What are Transformers? Concept and Applications Explained

On Jan 24, 2023

Transformers are neural network architectures that learn the context by tracking the relationships in sequential data, like the words in a sentence. They were developed to solve the issue of sequence transduction, i.e., transforming input sequences into output sequences, for example, translating one language to another.

Before Transformers, Recurrent Neural Network (RNN) was used to understand text using Deep Learning. Suppose we had to translate the following sentence into Japanese -“Linkin Park is an American rock band. The band was formed in 1996.” An RNN would take this sentence as input, process it word-by-word, and sequentially give the Japanese counterpart of each word as output. This would lead to grammatical errors, as in any language, the order of words is important.

Another issue with RNNs is that they are hard to train and cannot be parallelized since they process words sequentially. This is where Transformers came into the picture. The first model was developed by researchers at Google and the University of Toronto in 2017 for text translation. Transformers can be efficiently parallelized and trained on very large datasets (GPT-3 was trained on 45TB of data)

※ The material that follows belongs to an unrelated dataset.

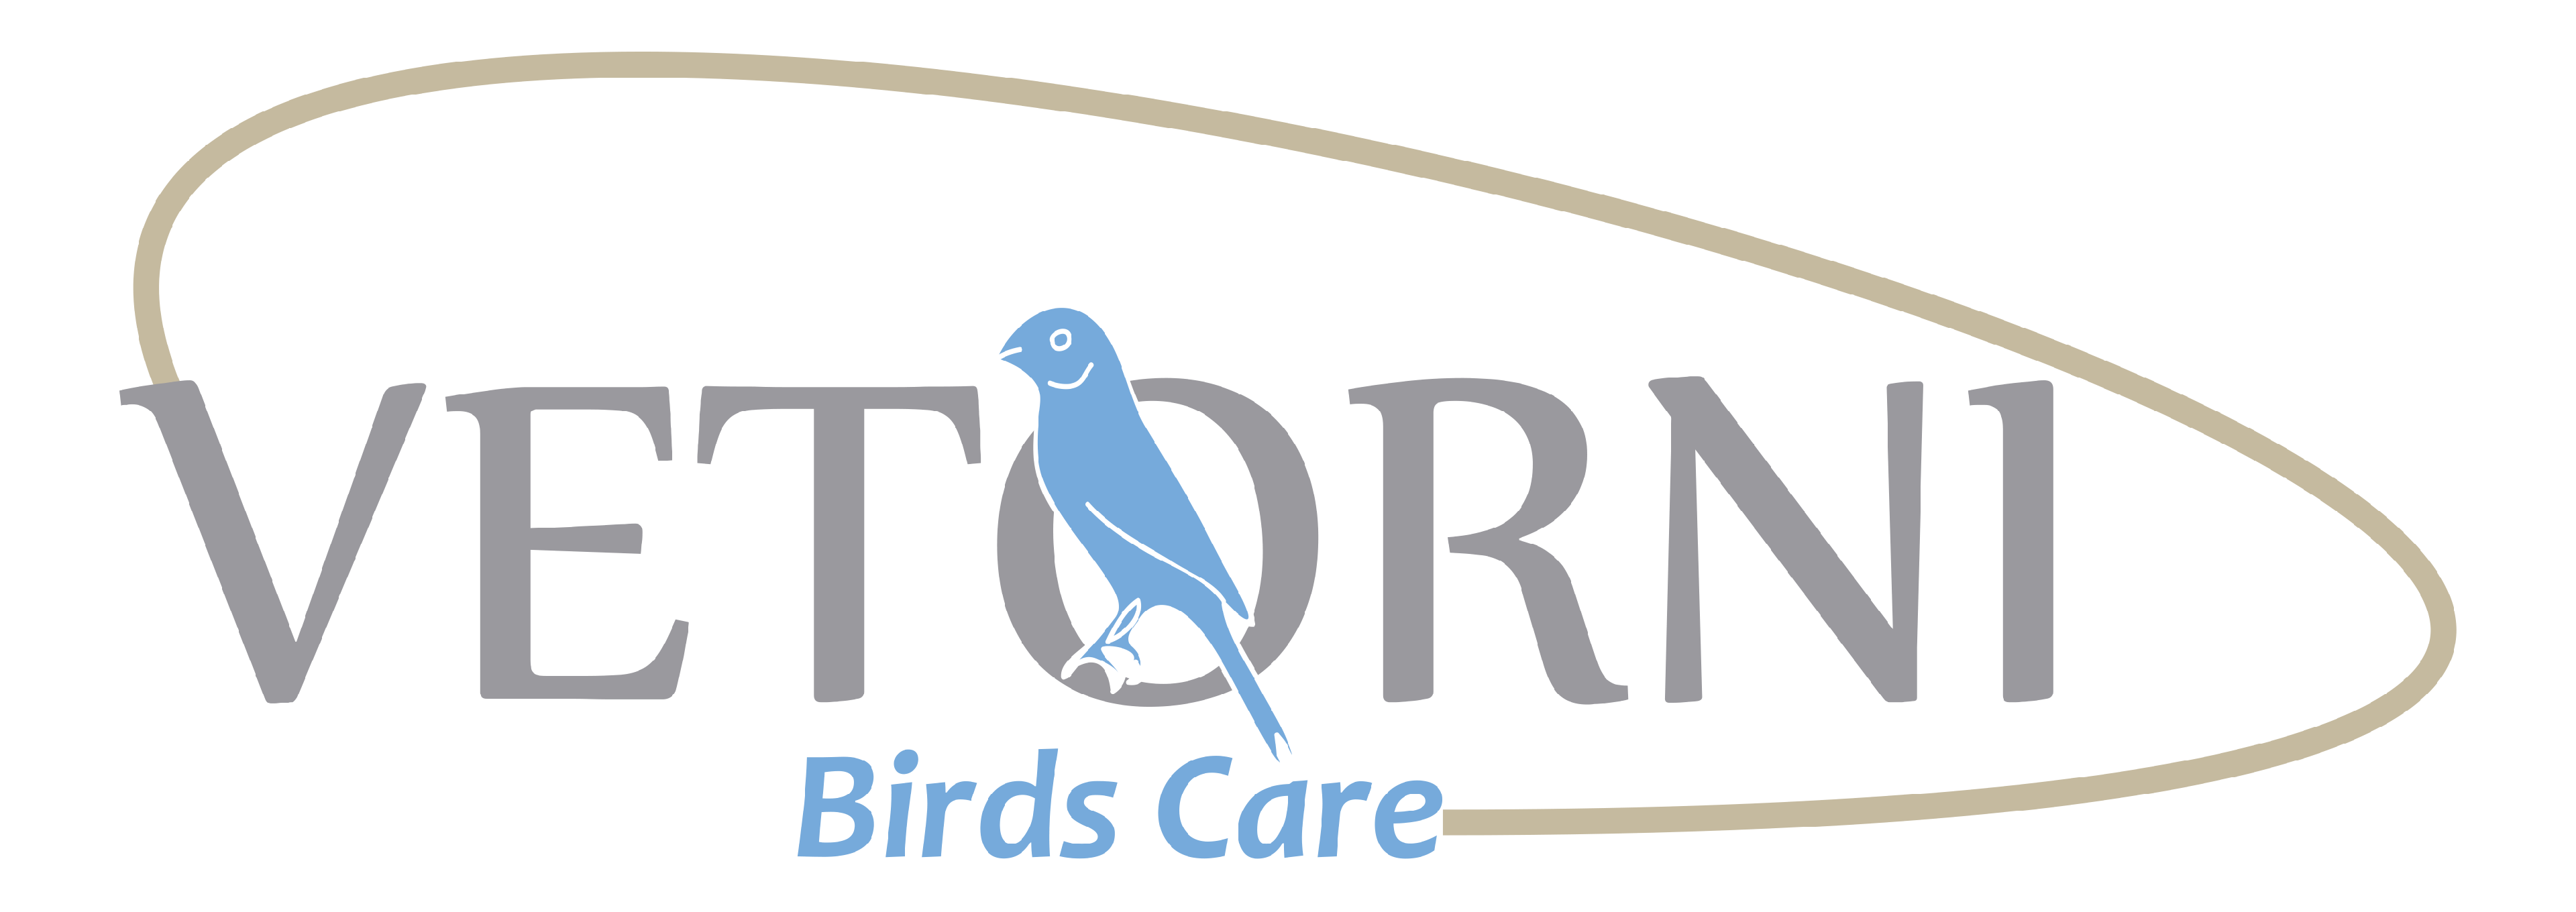 Vetorni Birds Care
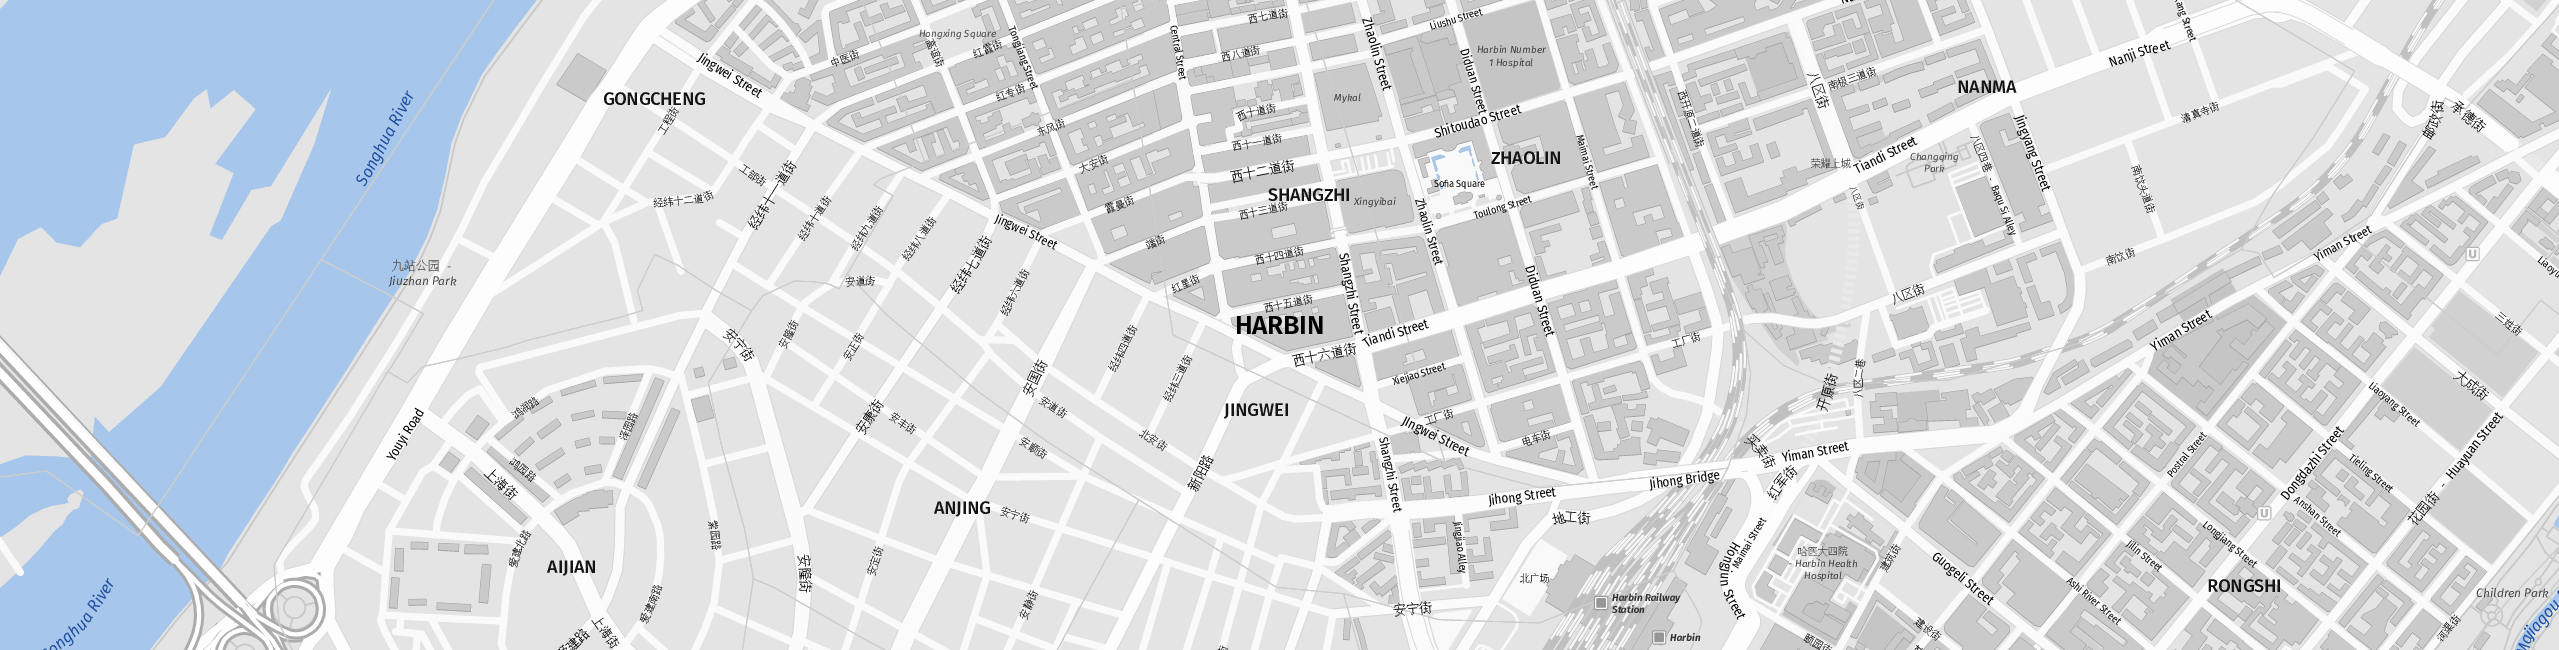 Stadtplan Harbin zum Downloaden.

In the above figure, the left side represents the encoder block and the decoder block is represented on the right side.

Transformers consist of six similar encoders and six similar decoders. Each encoder has two layers – a self-attention layer and a feed-forward Neural Network. The decoder has both layers, but between them is an attention layer that helps it to focus on only the relevant parts of the input.

Let us understand the working of Transformers by considering the translation of a sentence from English to French.

Encoder Block

Before passing the words as input, input embeddings convert each word into the form of an n-dimensional vector, and positional encodings are added. Positional encodings help the model understand the word’s position in the sentence.

The self-attention part focuses on the relevance of a word with respect to the other words present in the sentence. We can create an attention vector for each word that brings out the relationship between each word in the sentence.

In the above figure, the lighter the color of the square, the more attention the model is paying to that word. Suppose the model has to translate the sentence – “The agreement on the European Economic Area was signed in August 1992” to French. When it is translating the word “agreement”, it is focusing on the French word “accord”. The model correctly paid attention when translating “European Economic Area”. In French, the order of these words is reversed (“européenne économique zone”) as compared to English.

The model, for every word, weighs its value much higher on itself in the sentence without considering its relationship with other words in the sentence. To address this, multiple attention vectors are used for each word, and then a weighted average is taken to calculate the final attention vector for each word. This process is known as the multi-head attention block, as it uses multiple attention vectors to understand the meaning of a sentence.

The next step is the feed-forward neural network. A feed-forward neural network is applied to each attention vector to transform it into a form acceptable to the next encoder or decoder layer. The feed-forward network accepts attention vectors independently. Unlike RNNs, each of these attention vectors is independent of the other. Parallelism can be applied here, making a huge difference.

Decoder Block

To train the model, we input the French translation into the decoder block. The embedding and the positional encoding layers transform each word into its respective vectors.

The input is then passed through the masked multi-head attention block, where attention vectors are generated for each word in the French sentence to determine the relevance of each word to the other words in the sentence. The model uses previously translated English words to match and compare with the French translation fed into the decoder. By comparing these two, the model updates its matrix values and continues to learn through multiple iterations.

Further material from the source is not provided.